Vous allez m'excuser, mais depuis mes découvertes dans le terrain du micro-roman, j'évite la formulation journalistique de la pensée, et je n'aime pas écrire des chutes prononcées, donc je vous laisse avec ce double aperçu de deux philosophes, étant moi-même censé retourner à mes pinceaux.
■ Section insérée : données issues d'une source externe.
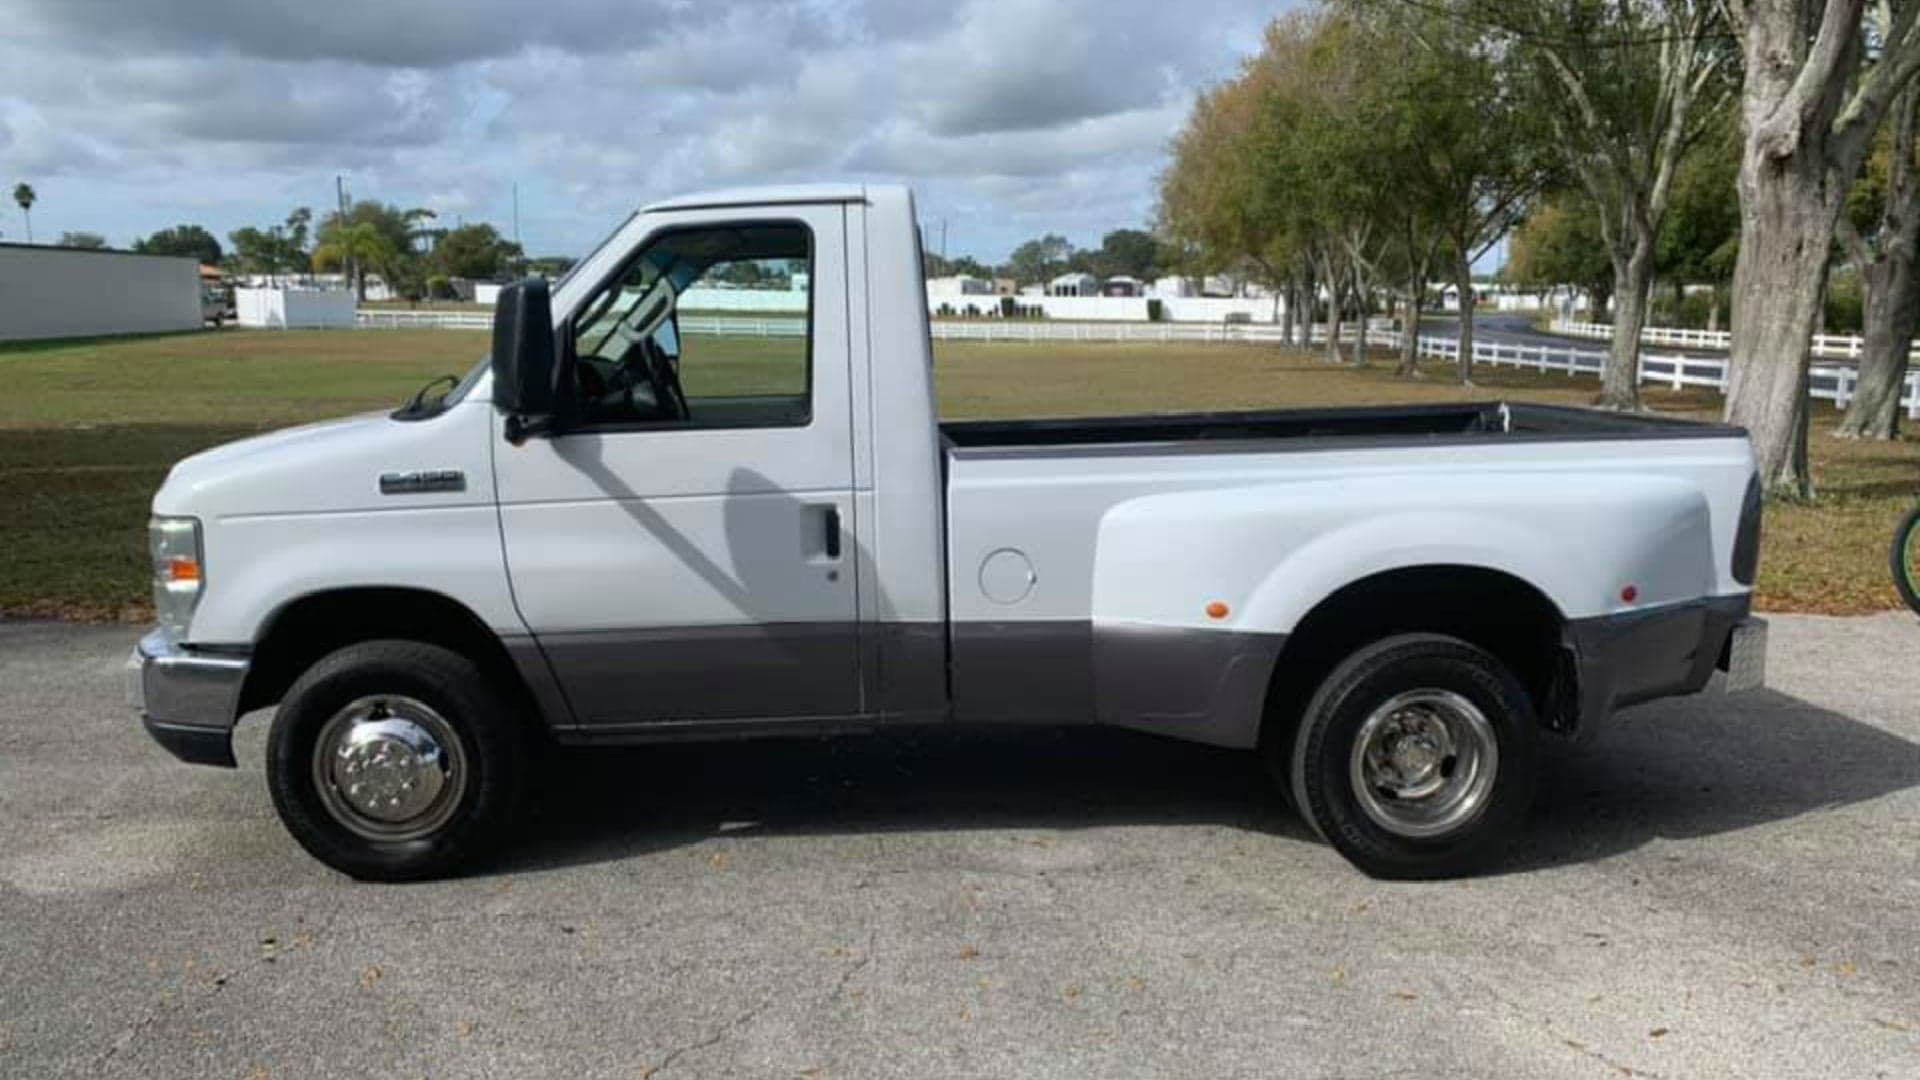 This Ford E-Series Dually Is the Pickup You Drew in Elementary School

Manuel Montero, avec l'aide de Léo Scheer, novembre 008.
(Malgré quoi, j'envisage l'inclusion de ce texte dans un récit critique plus vaste sur lequel je travaille à présent, fin janvier 009)

2 commentaires:

Alain Baudemont a dit…

Monsieur Manuel Montero, j'avais lu la première traduction de votre travail sur "Klossowski, encore avant hier; c'est vrai, j'avais, après l'avoir lu, pensé que la traduction de l'Espagnol au Français, (en première traduction donc) était un peu difficile au sens de la transition et des thèmes, plus ou moins traités, un peu décousu, bref, ça frisait souvent la confusion. Aujourd'hui, je veux dire, maintenant, j'ai relu, et l'aide de Monsieur Léo Scheer, est tout particulièrement significatif dans l"a remise en ordre" de la pensée, à la fois sur Klossowski, encore, qui est le Sujet de votre écrit, et sur la mise en lecture qui ne souffre plus, j'en ai fait l'expérience, d'aucune fatigue. C'est donc, pour le dire très justement, et pour vous faire un compliment, un travail d'écriture de bonne facture, un beau dessin, une belle peinture, pour le dire encore, et plus justement.
Merci, et continuez à écrire bien et sans oublier de peindre, il va de soi.
Alain Baudemont.

Manuel Montero a dit…

Merci de votre reconnaissance, si nécessaire à tout-homme. En effet c'est une avantage de travailler avec d'autres gens du métier. Je dois dire que à votre propos je suis perplexe, par la diversité de ton de vos interventions ça et là. Intéressé en tout cas. Je vous ai laissé une note chez Jean Clet Martin. Aussi-bien j'ai été touché par votre évocation des demeures de SDF partout dans Paris. Dès que vous auriez un blog, faites savoir.